Plaintiff reports that he also needs to see a doctor “for the pigmentation change of my skin due to the bruising and contusions cause by these doctors malpractice and inhumanity.” Plaintiff alleges that “Overall, I have consisting pains from pelvis to downward inner thighs and bruises that reach my ankle. I have non-stop itching that accompanies the pains, bringing me mental and emotional distress. There’s no relief an nothing’s being properly assessed to this day.”

This Court conducted an initial review of Plaintiff’s Complaint pursuant to 28 U.S.C. § 1915A. (DN 6). Upon review, the Court explained: Based on the allegations, the Court will construe the complaint as alleging an Eighth Amendment claim of deliberate indifference to Plaintiff’s serious needs against Defendant Harper in her individual capacity and state-law medical malpractice claims against Defendants Harper, Evans, and Wells. Upon consideration, the Court will allow these claims to proceed for further development. (DN 6 at 7-8). Dr. Evans and Dr. Wells now move the Court for summary judgment regarding the medical malpractice claims against them. The Defendants argue, inter alia, that Plaintiff’s medical malpractice claims against them are barred by the statute of limitations. The Court agrees. Because the Plaintiff’s medical malpractice claims against Dr. Evans and Dr.
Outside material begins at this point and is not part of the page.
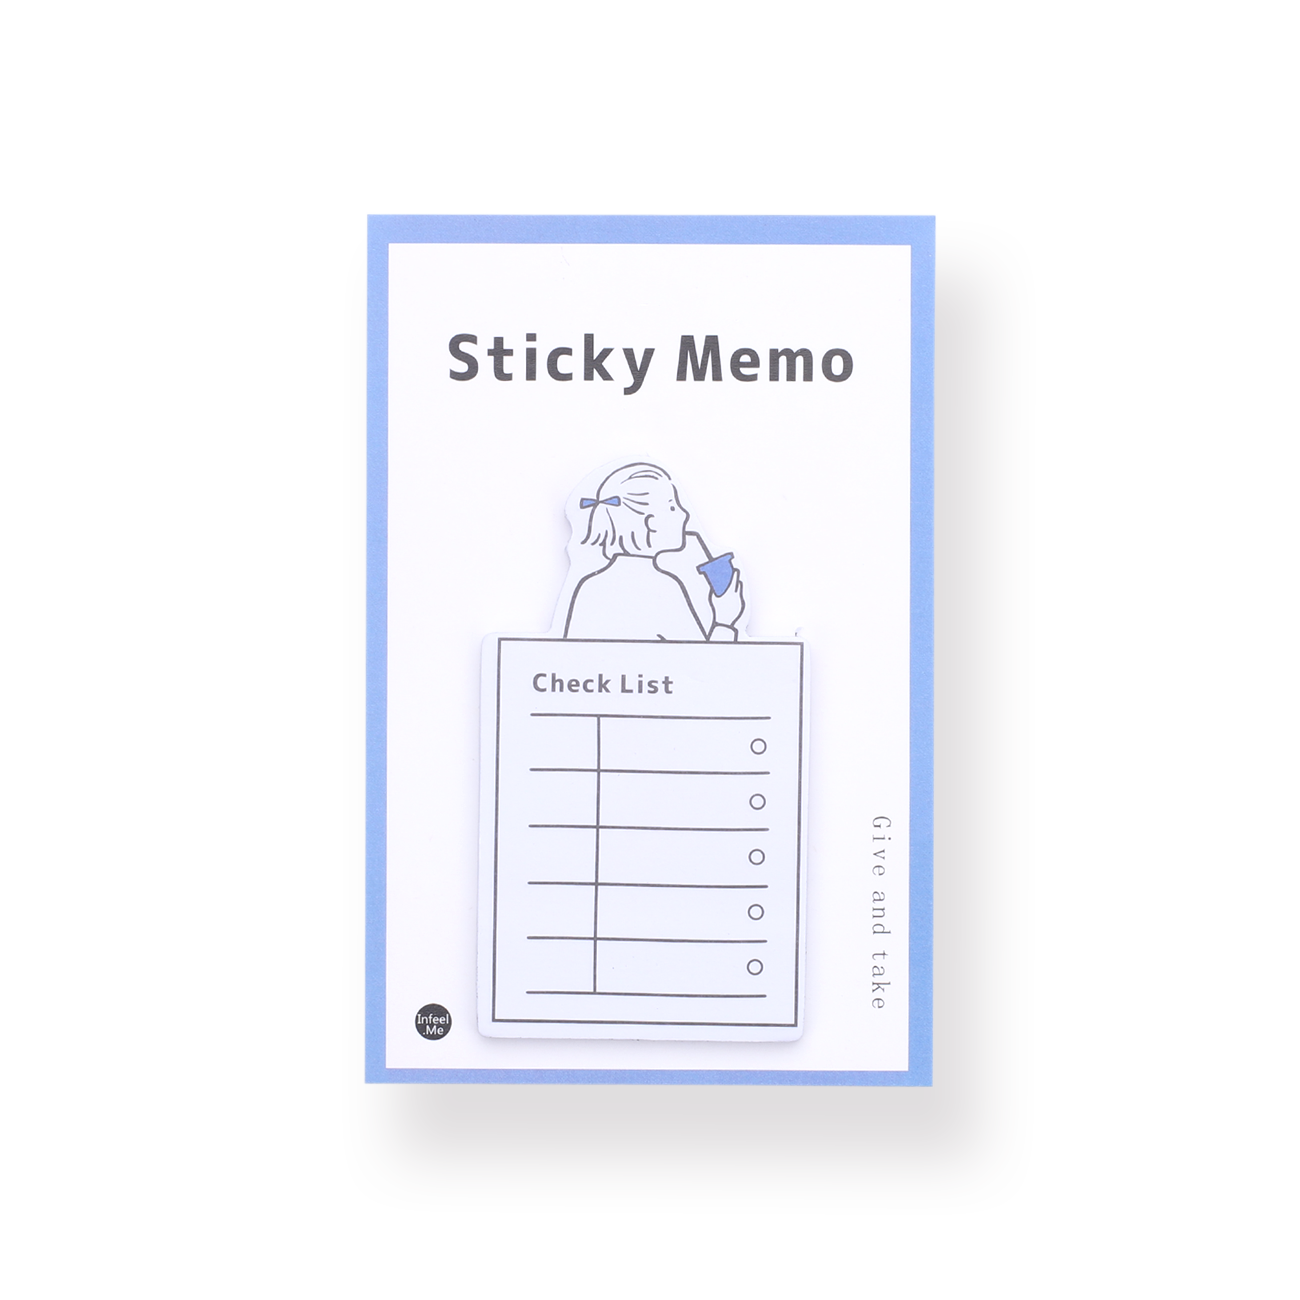 Sticky Memo - Checklist

Wells are barred by the one- year statute of limitations under Kentucky law, Defendants’ motion for summary judgment (DN 13) is GRANTED. And because the medical malpractice claims are the only claims against Dr. Evans and Dr. Wells, they are hereby terminated from this action. Legal Standard Summary judgment is appropriate where “the movant shows that there is no genuine

dispute as to any material fact and the movant is entitled to judgment as a matter of law.” Fed.R.Civ.P. 56(a). In determining whether summary judgment is appropriate, a court must resolve all ambiguities and draw all reasonable inferences against the moving party. See Matsushita Elec. Indus. Co. v. Zenith Radio Corp., 475 U.S. 574, 587, 106 S.Ct. 1348, 89 L.Ed.2d 538 (1986). “[N]ot every issue of fact or conflicting inference presents a genuine issue of material fact.” Street v. J.C. Bradford & Co., 886 F.2d 1472, 1477 (6th Cir.1989). The test is whether the party

bearing the burden of proof has presented a jury question as to each element in the case. Hartsel v. Keys, 87 F.3d 795, 799 (6th Cir.1996). The plaintiff must present more than a mere scintilla of evidence in support of his position; the plaintiff must present evidence on which the trier of fact could reasonably find for the plaintiff. See id. (citing Anderson v. Liberty Lobby, Inc., 477 U.S. 242, 251-52, 106 S.Ct. 2505, 91 L.Ed.2d 202 (1986)). Mere speculation will not suffice to defeat a motion for summary judgment: “the mere existence of a colorable factual dispute will not defeat a properly supported motion for summary judgment. A genuine dispute between the parties on an issue of material fact must exist to render summary judgment inappropriate.” Moinette v. Elec. Data Sys.